Ein Sportschütze mit acht Waffen auf zwei Waffenbesitzkarten konnte auf Anforderung der Behörde sein fortbestehendes Bedürfnis nicht belegen. Vorgelegt wurden nur allgemeine Bescheinigungen über Vereinstätigkeit als Schießleiter und Standaufsicht, keine waffenbezogenen Trainingsnachweise. Das VG Darmstadt bestätigte den Widerruf beider Waffenbesitzkarten in der Sache, beanstandete aber die Vollzugsanordnung: Die Frist zur Waffenüberlassung war zu kurz bemessen und das angedrohte Zwangsmittel nicht hinreichend konkret benannt.
Sachverhalt
Der Kläger war Inhaber zweier Waffenbesitzkarten (ausgestellt 1990 und 2004) mit insgesamt acht eingetragenen Waffen und gleichzeitig 1. Vorsitzender seines Schießsportvereins. Der Landrat des Beklagten forderte ihn im November 2015 auf, das Fortbestehen seines waffenrechtlichen Bedürfnisses durch Nachweis regelmäßiger Schießsportausübung zu belegen. Der Kläger legte eine Bescheinigung mehrerer Vereinstrainer vor, wonach er “regelmäßig als Schießleiter tätig” gewesen sei und “regelmäßig am Training teilgenommen” habe, sowie eine Bestätigung, er sei durchschnittlich an vier Tagen pro Woche in der Schießanlage gewesen. Beide Bescheinigungen ließen offen, was der Kläger dort konkret getan und mit welchen Waffen er tatsächlich geschossen hatte. Mit Bescheid vom 24.02.2016 widerrief die Behörde beide Waffenbesitzkarten, ordnete die Rückgabe binnen vier Wochen nach Rechtskraft an und drohte für den Fall der Nichtbefolgung sowohl bezüglich der Karten als auch bezüglich der Waffen selbst Zwangsgeld bzw. Sicherstellung, Einziehung und Verwertung an. Der Kläger erhob nach erfolglosem Widerspruch Klage und verwies unter anderem auf seine Teilnahme an der Deutschen Meisterschaft 2016, bei der er den fünften Platz erreichte.
Entscheidung
Das VG Darmstadt gab der Klage nur teilweise statt: Der Widerruf der Waffenbesitzkarten selbst war rechtmäßig, einzelne Vollzugsanordnungen waren es nicht.

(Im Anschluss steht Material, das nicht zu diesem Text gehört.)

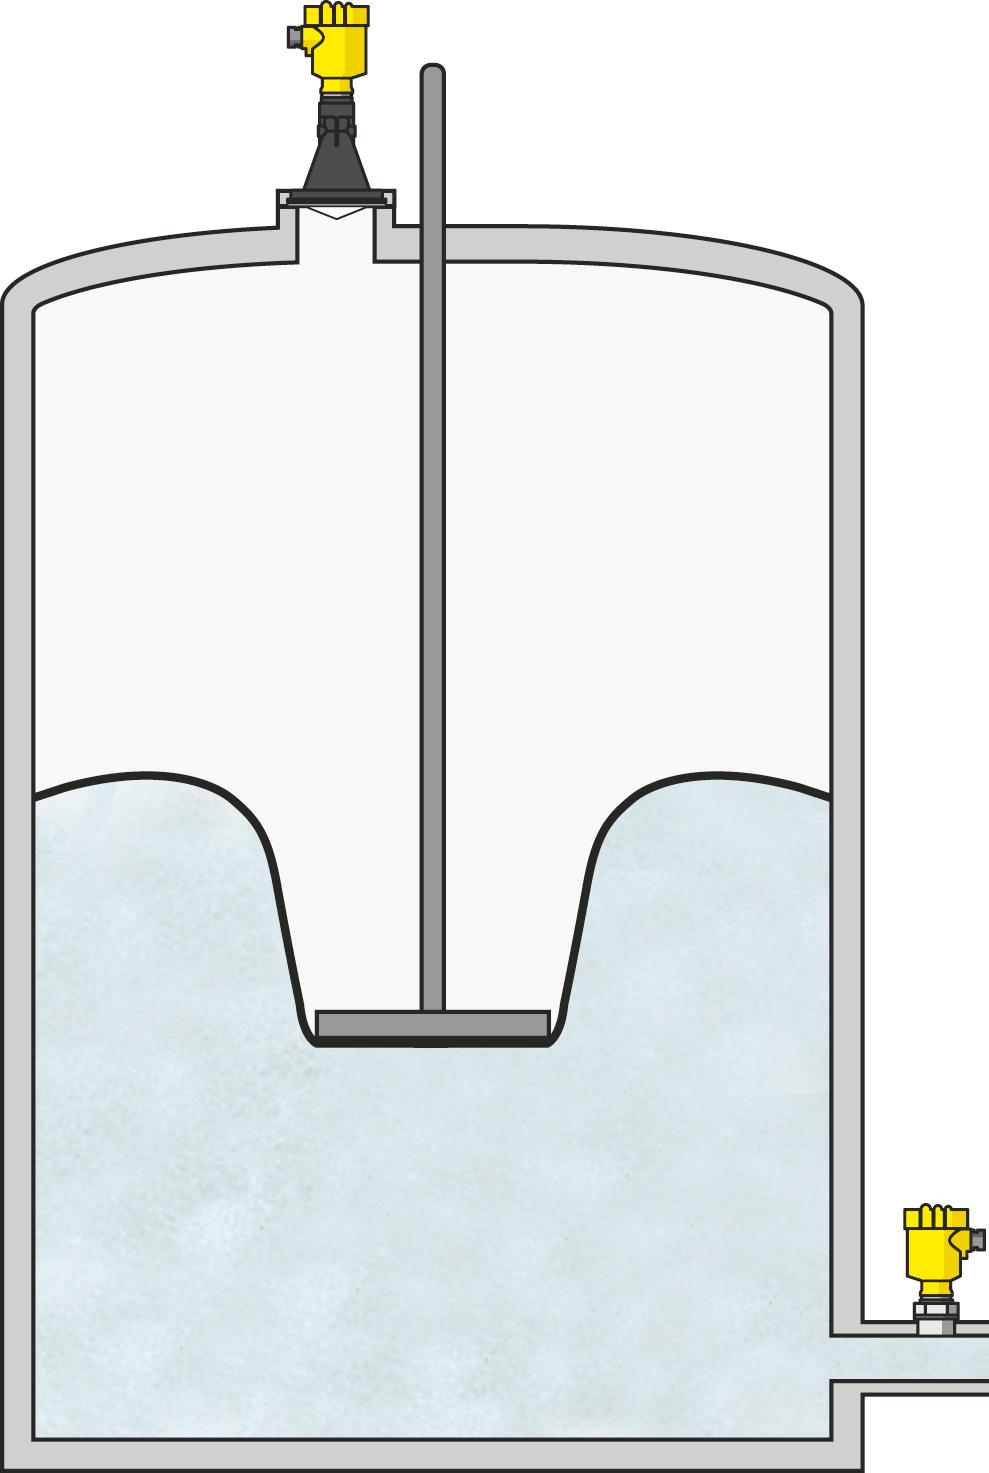 Volumen- und Drucküberwachung im Gasspeicher

- Maßgeblicher Zeitpunkt. Bei der Beurteilung des Widerrufs ist auf den Zeitpunkt des Widerspruchsbescheids abzustellen (BVerwG, Urteil vom 16.05.2007, 6 C 24/06); spätere Aktivitäten des Klägers, etwa eine weitere Meisterschaftsteilnahme 2017, bleiben unberücksichtigt.
- Rechtsgrundlage. § 45 Abs. 2 Satz 1 WaffG verpflichtet zum Widerruf, wenn nachträglich Tatsachen eintreten, die zur Versagung hätten führen müssen - hier der Wegfall des Bedürfnisnachweises nach § 4 Abs. 1 Nr. 4, § 4 Abs. 4 Satz 3 WaffG.
- Bedürfnis muss dauerhaft fortbestehen, nicht nur bei Ersterwerb. Sportschützen müssen die für die Ersterteilung erforderliche regelmäßige schießsportliche Aktivität auch in den Folgejahren nachweisen (ebenso HessVGH, Beschluss vom 21.03.2019, 4 A 2355/17.Z; VG Aachen, Urteil vom 29.09.2007, 6 K 1730/06). Das folgt aus § 14 Abs. 1 Satz 1 WaffG (“Erwerb und Besitz”) sowie aus § 15 Abs. 1 Nr. 7 Buchst. b WaffG, der den Schießsportvereinen eine fortlaufende Dokumentationspflicht über die Trainingsaktivität ihrer Mitglieder auferlegt.
- Historischer Hintergrund. Bis 2009 reichte nach § 8 Abs. 2 WaffG a.F. teilweise die bloße Vereinsmitgliedschaft als Bedürfnisnachweis. Diese Regelung wurde durch das Vierte Gesetz zur Änderung des Sprengstoffgesetzes vom 17.07.2009 (BGBl. I S. 2062) unter dem Eindruck des Amoklaufs von Winnenden gestrichen; seither ist der Fortbestand des Bedürfnisses auch bei Sportschützen dauerhaft zu überprüfen.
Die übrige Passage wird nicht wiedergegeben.